Em adição a isso, a ferramenta também permite que a empresa faça uma análise profunda de sua concorrência, identificando players de mercado que possam estar se beneficiando de preços mais vantajosos de um lado, mas que carreguem um grande passivo tributário de outro.

Do ponto de vista social, a base de Dados Abertos permite, por exemplo, relacionar os estabelecimentos que um contribuinte costuma frequentar e identificar sua situação fiscal, com o objetivo de incentivá-lo a optar por estabelecimentos sem dívidas de impostos ou FGTS, sendo um indutor de regularidade e conscientização tributária. Um verdadeiro ins de cidadania e educação tributária.

A disponibilização dos dados abertos governamentais é algo muito importante para o país e para os negócios, pois o aumento da transparência na gestão pública promove maior segurança para que as empresas disruptivas do mercado utilizem tais dados a seu favor, podendo assim aproveitar espaços e viabilizar novos negócios, trazendo uma maior segurança e inteligência na tomada de decisões.

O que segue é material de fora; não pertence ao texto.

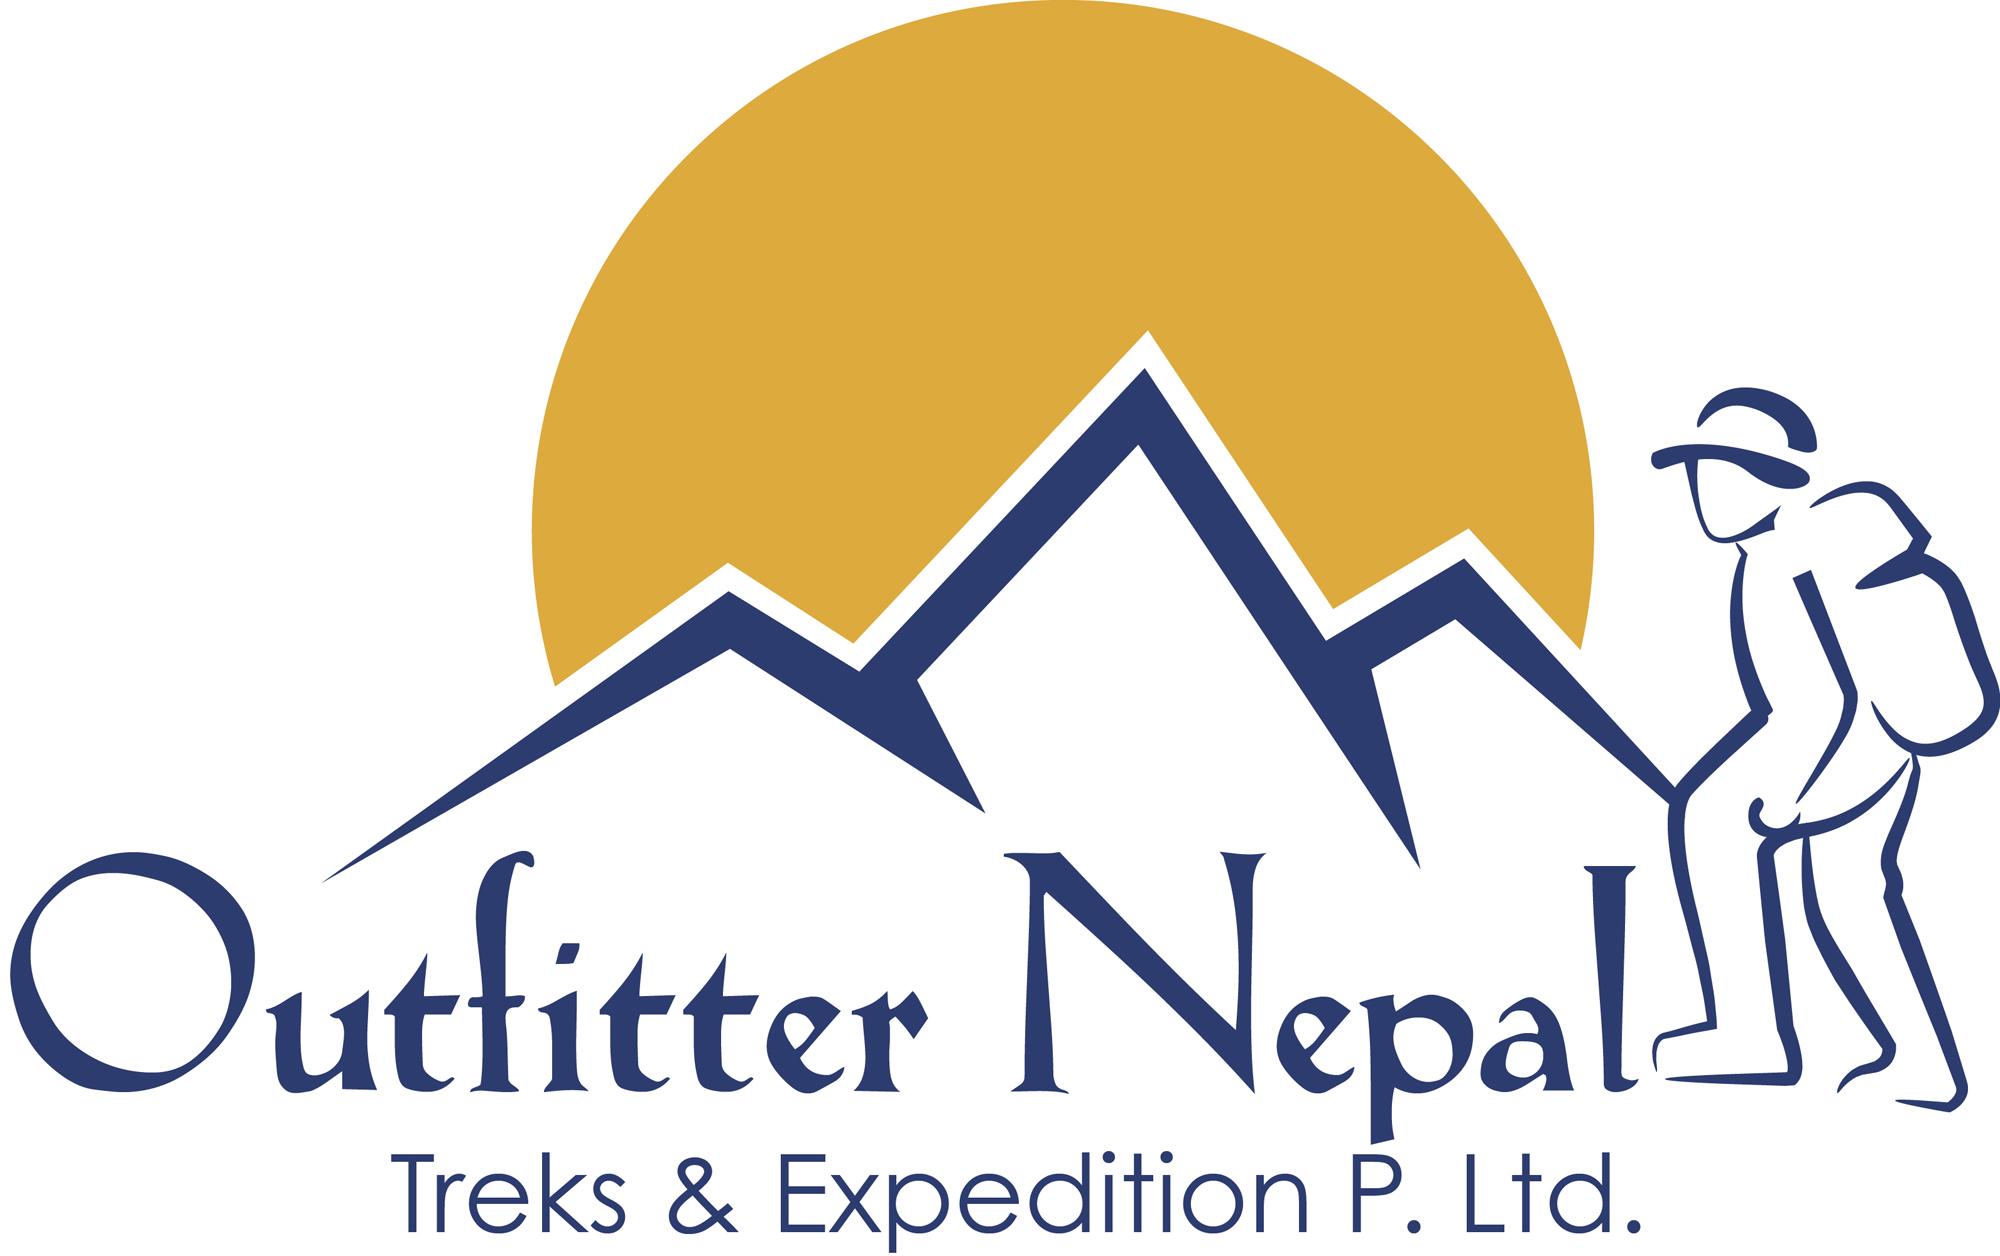 Outfitter Nepal Treks & Exp. Pvt

Cada vez mais as empresas estão unindo a tecnologia com a inteligência de mercado para que essa junção ofereça informações valiosas para orientar estratégias de negócios. A inteligência de negócios ou BI - Business Intelligence é o processo de cruzamento de dados relacionados aos clientes e ao mercado como um todo, cujo objetivo é utilizar essas informações para tomar decisões relevantes, por meio da transformação de dados em informações, dessas informações em conhecimento e, finalmente, de conhecimento em inteligência.

Isso permite que a empresa que tenha adotado a tecnologia em seus negócios obtenha uma visão mais clara e assertiva de suas ações, conduzindo e estabelecendo um planejamento de longo prazo, podendo, assim, adotar estratégias mais eficientes e eficazes para otimizar seus negócios e, consequentemente, aumentar faturamento e lucro.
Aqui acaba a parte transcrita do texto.